5.2 About the /proc Virtual File System

5.2.1 Virtual Files and Directories Under /proc
5.2.2 Changing Kernel Parameters
5.2.3 Parameters that Control System Performance
5.2.4 Parameters that Control Kernel Panics

The files in the /proc directory hierarchy contain information about your system hardware and the processes that are running on the system. You can change the configuration of the kernel by writing to certain files that have write permission.

The name of the proc file system stems from its original purpose on the Oracle Solaris operating system, which was to allow access by debugging tools to the data structures inside running processes. Linux added this interface and extended it to allow access to data structures in the kernel. Over time, /proc became quite disordered and the sysfs file system was created in an attempt to tidy it up. For more information, see Section 5.3, “About the /sys Virtual File System”.

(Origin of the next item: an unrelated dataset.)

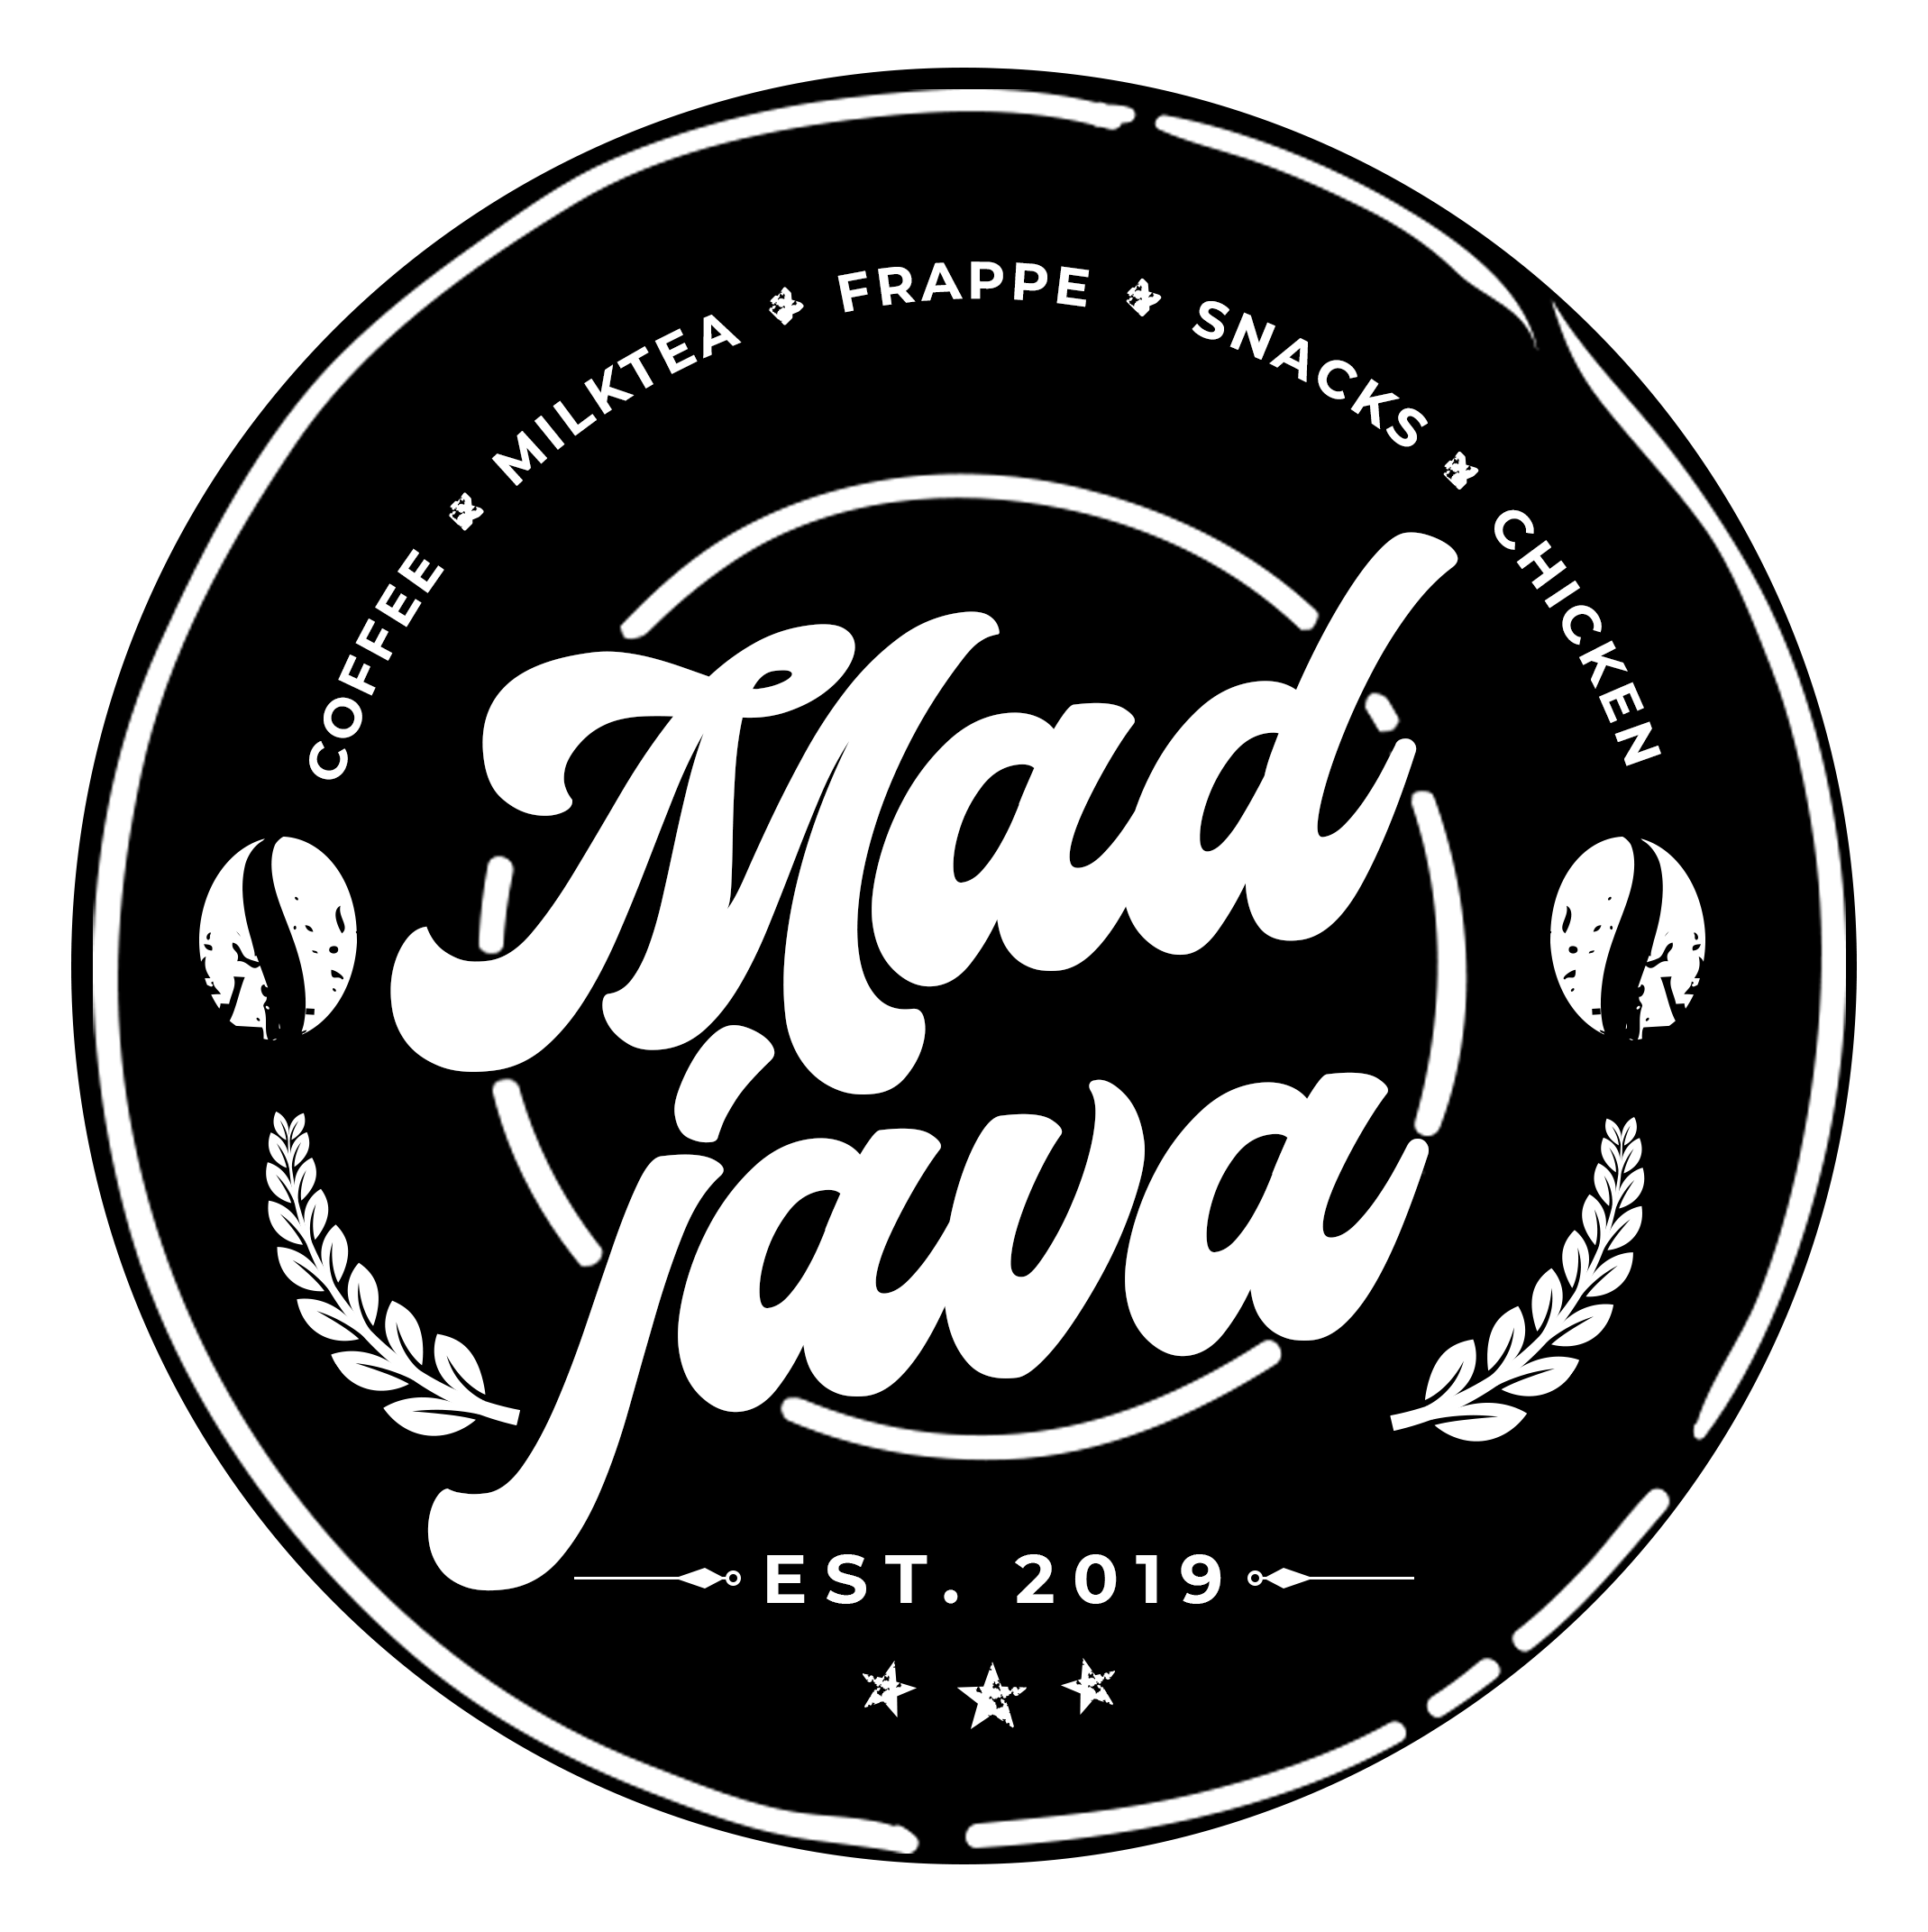 Mad Java Cafe

Files under the /proc directory are virtual files that the kernel creates on demand to present a browsable view of the underlying data structures and system information. As such, /proc is an example of a virtual file system. Most virtual files are listed as zero bytes in size, but they contain a large amount of information when viewed.

Virtual files such as /proc/interrupts, /proc/meminfo, /proc/mounts, and /proc/partitions provide a view of the system’s hardware. Others, such as /proc/filesystems and the files under /proc/sys provide information about the system's configuration and allow this configuration to be modified.

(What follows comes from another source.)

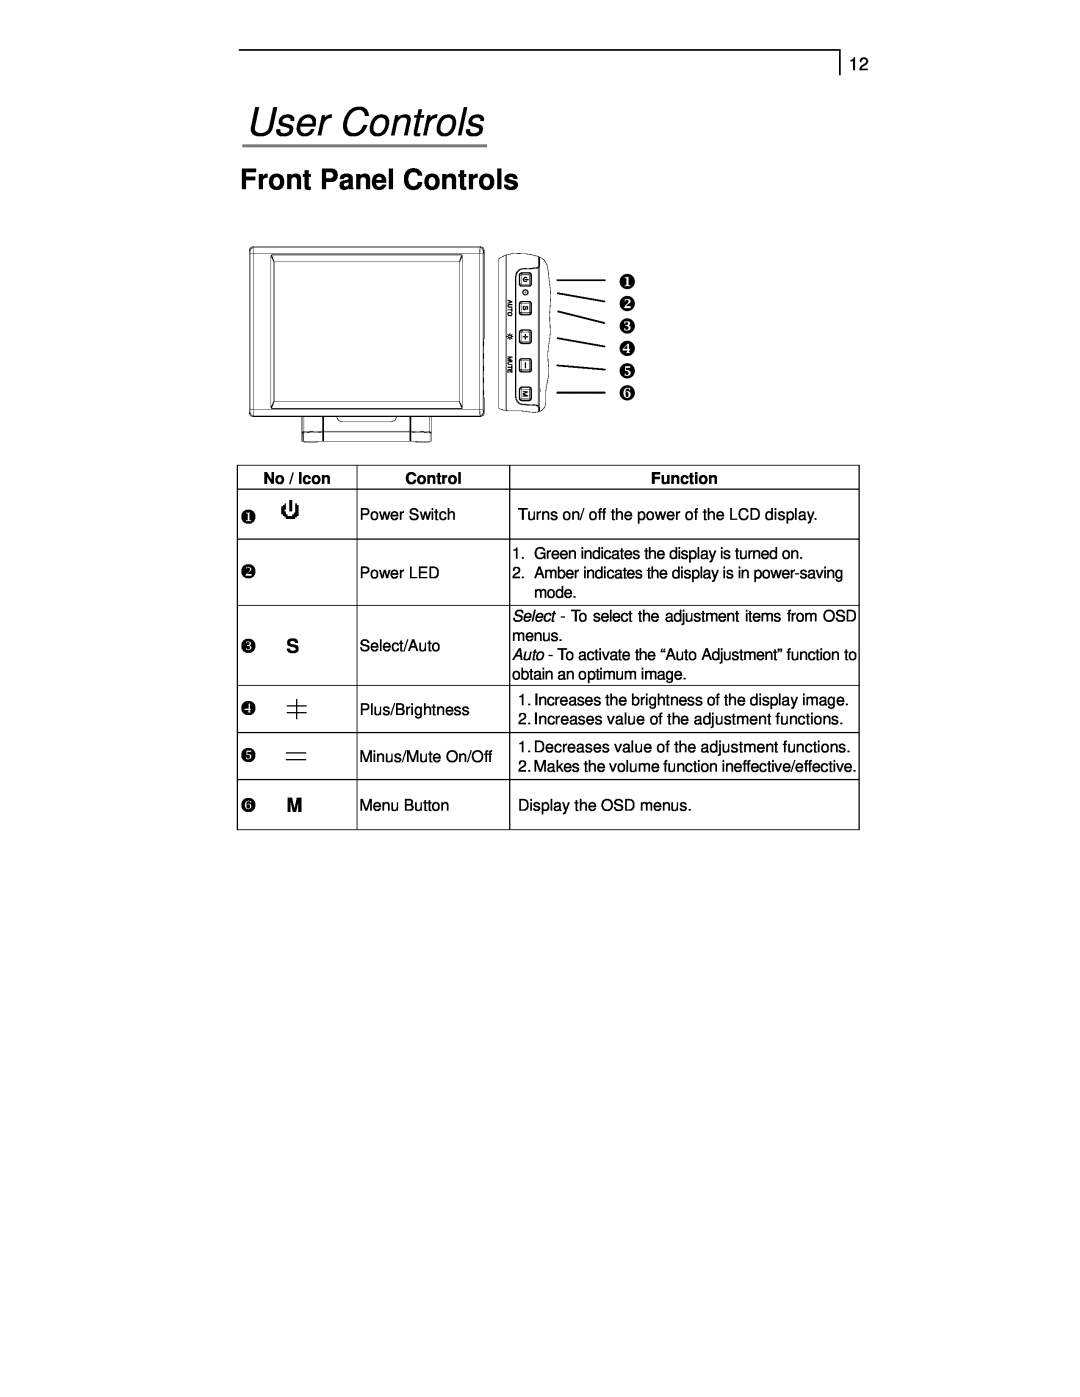 Planar PT1520MU manual User Controls, Front Panel Controls, No / Icon, Function

Files that contain information about related topics are grouped into virtual directories. For example, a separate directory exists in /proc for each process that is currently running on the system, and the directory's name corresponds to the numeric process ID. /proc/1 corresponds to the init process, which has a PID of 1.

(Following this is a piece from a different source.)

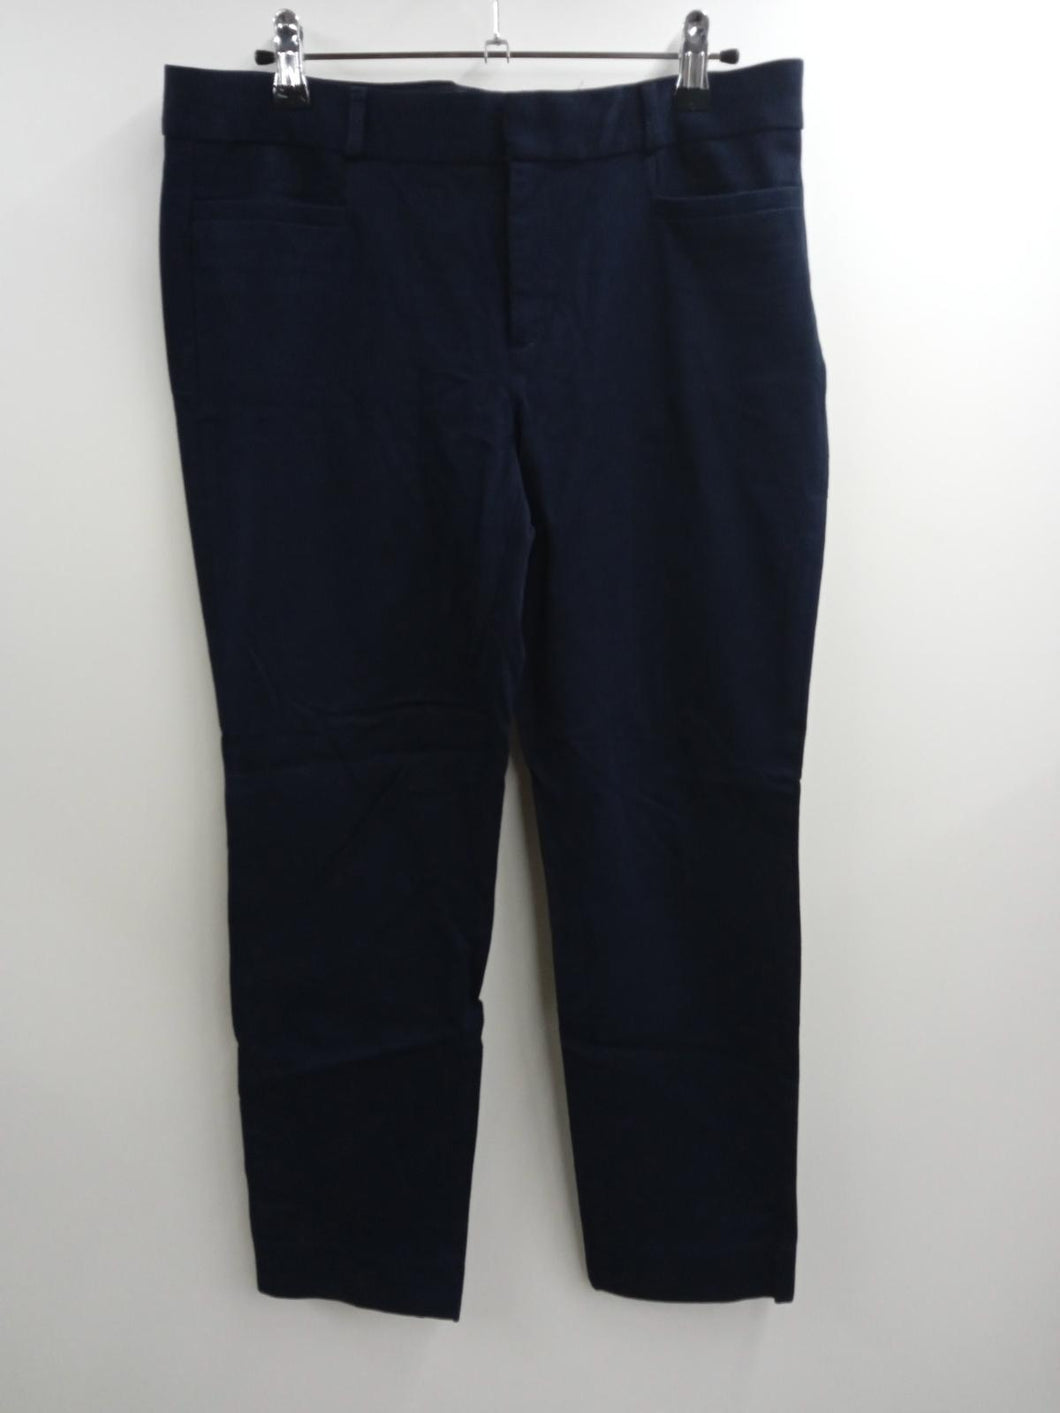 BANANA REPUBLIC Ladies Navy Blue Cotton Blend Straight Leg Trousers Size UK8

You can use commands such as cat, less, and view to examine virtual files within /proc. For example, /proc/cpuinfo contains information about the system's CPUs:

# cat /proc/cpuinfo
processor         : 0
vendor_id         : GenuineIntel
cpu family        : 6
model             : 42
model name        : Intel(R) Core(TM) i5-2520M CPU @ 2.50GHz
stepping          : 7
cpu MHz           : 2393.714
cache size        : 6144 KB
physical id       : 0
siblings          : 2
core id           : 0
cpu cores         : 2
apicid            : 0
initial apicid    : 0
fpu               : yes
fpu_exception     : yes
cpuid level       : 5
wp                : yes
...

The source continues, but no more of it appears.